**EXTRACTED RECORDS**
☆ ☆ ☆ ☆

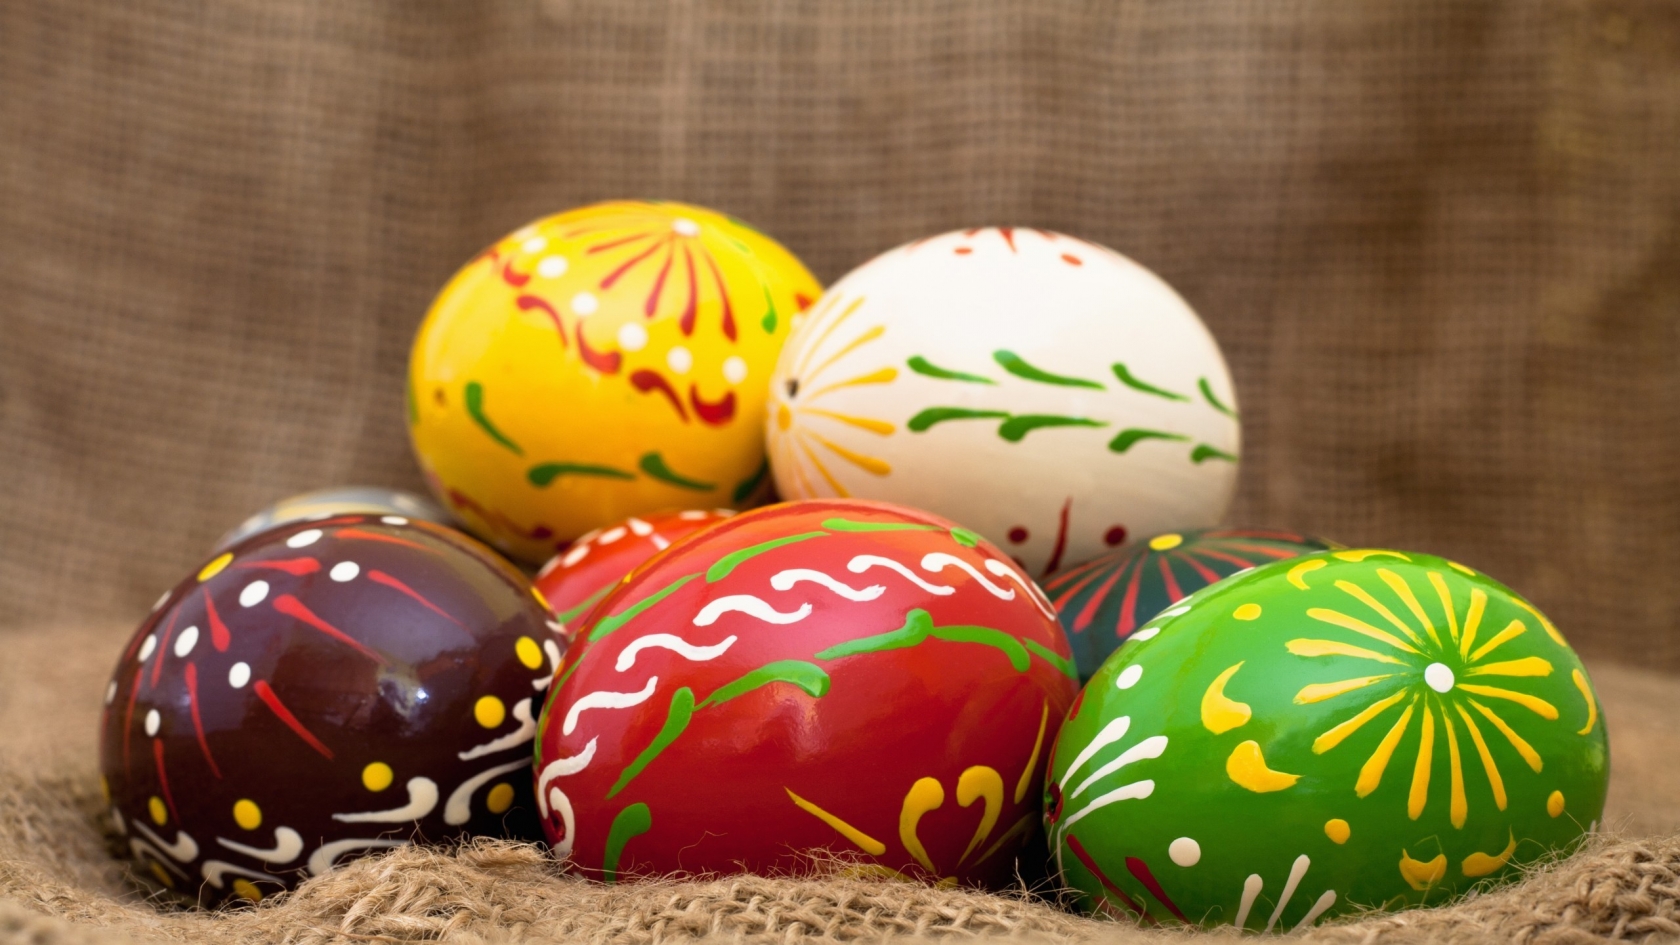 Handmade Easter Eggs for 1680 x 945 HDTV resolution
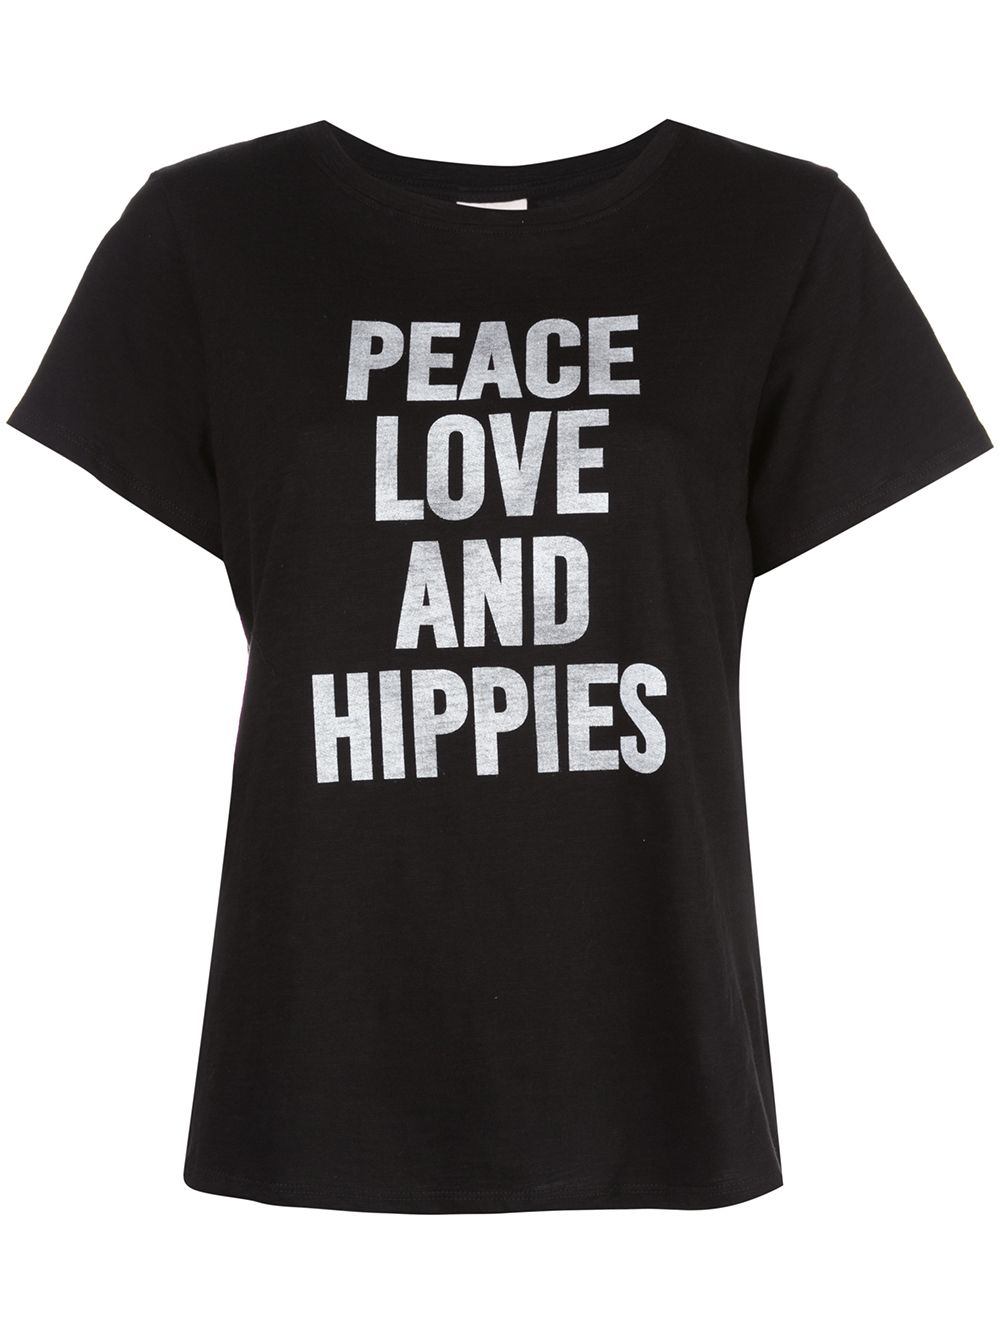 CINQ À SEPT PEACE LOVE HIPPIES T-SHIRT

☆ ☆ ☆ ☆

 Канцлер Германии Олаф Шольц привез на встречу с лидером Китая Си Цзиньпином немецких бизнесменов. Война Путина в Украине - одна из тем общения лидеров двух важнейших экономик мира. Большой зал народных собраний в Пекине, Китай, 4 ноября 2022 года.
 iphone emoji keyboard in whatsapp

☆ ☆ ☆ ☆

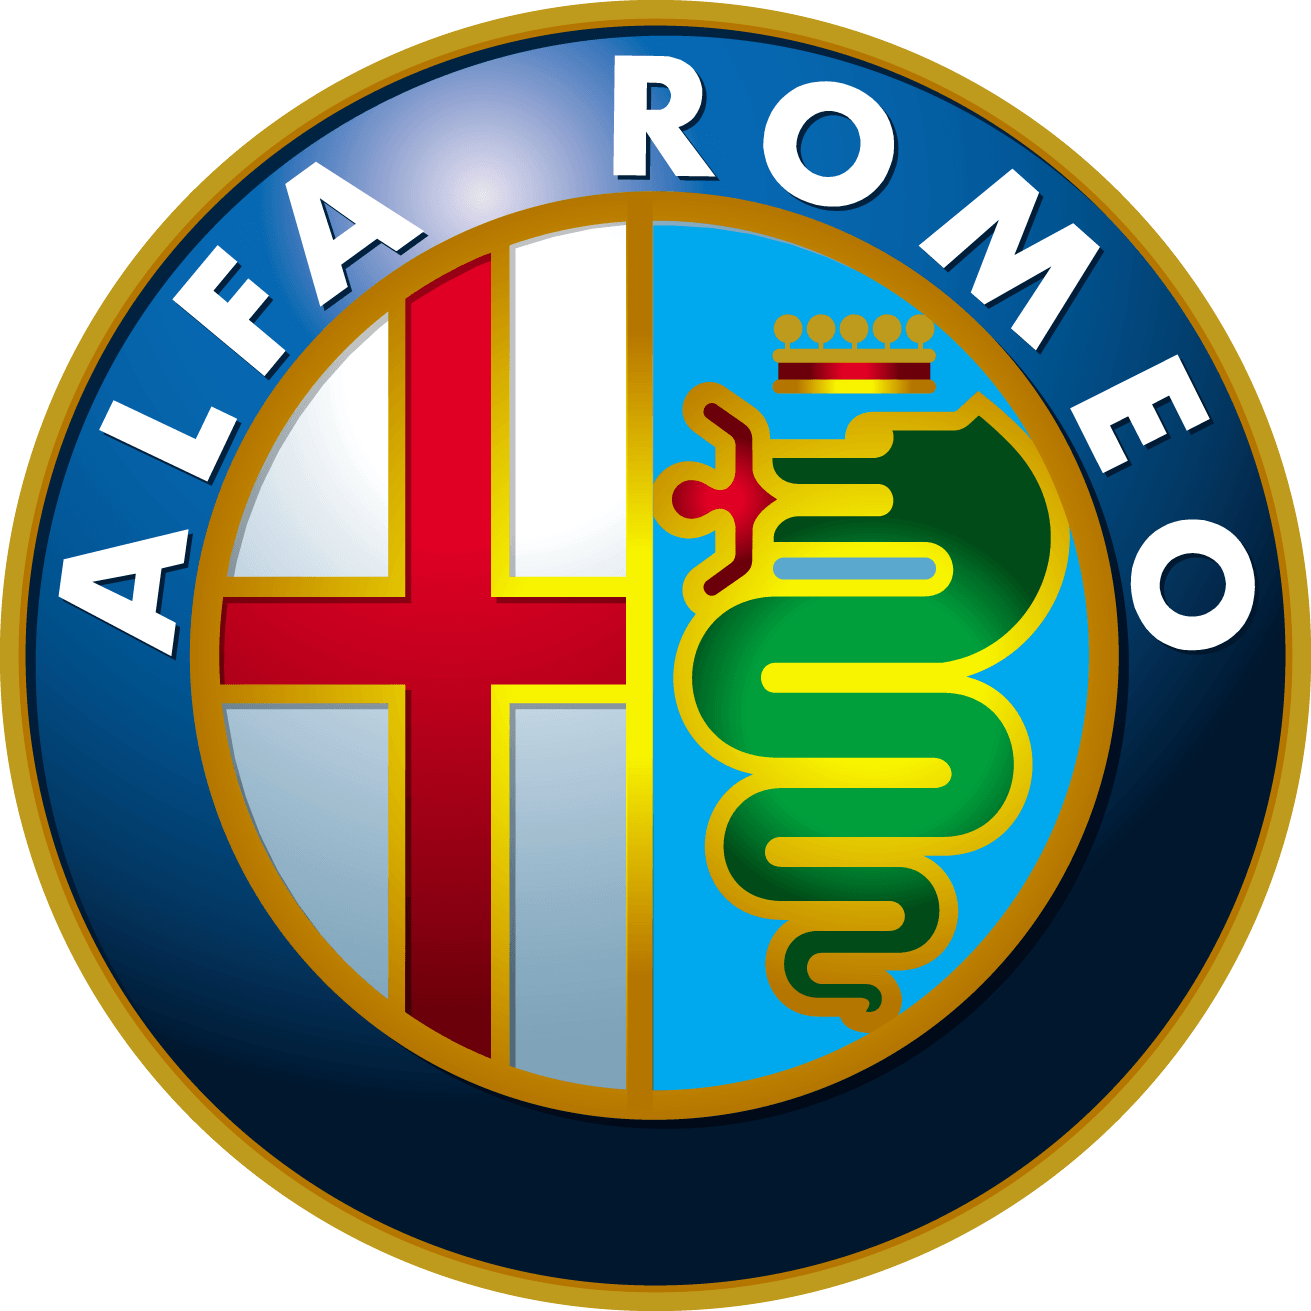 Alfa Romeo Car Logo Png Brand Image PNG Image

☆ ☆ ☆ ☆

**REQUIRED ACTION**
What do the entries above read from the line containing "Handmade Easter Eggs" through the line containing "CINQ À SEPT PEACE LOVE HIPPIES T-SHIRT"? Output those lines exactly, both ends included, with the pictures left out.

**RESPONSE AREA**
 Handmade Easter Eggs for 1680 x 945 HDTV resolution
 CINQ À SEPT PEACE LOVE HIPPIES T-SHIRT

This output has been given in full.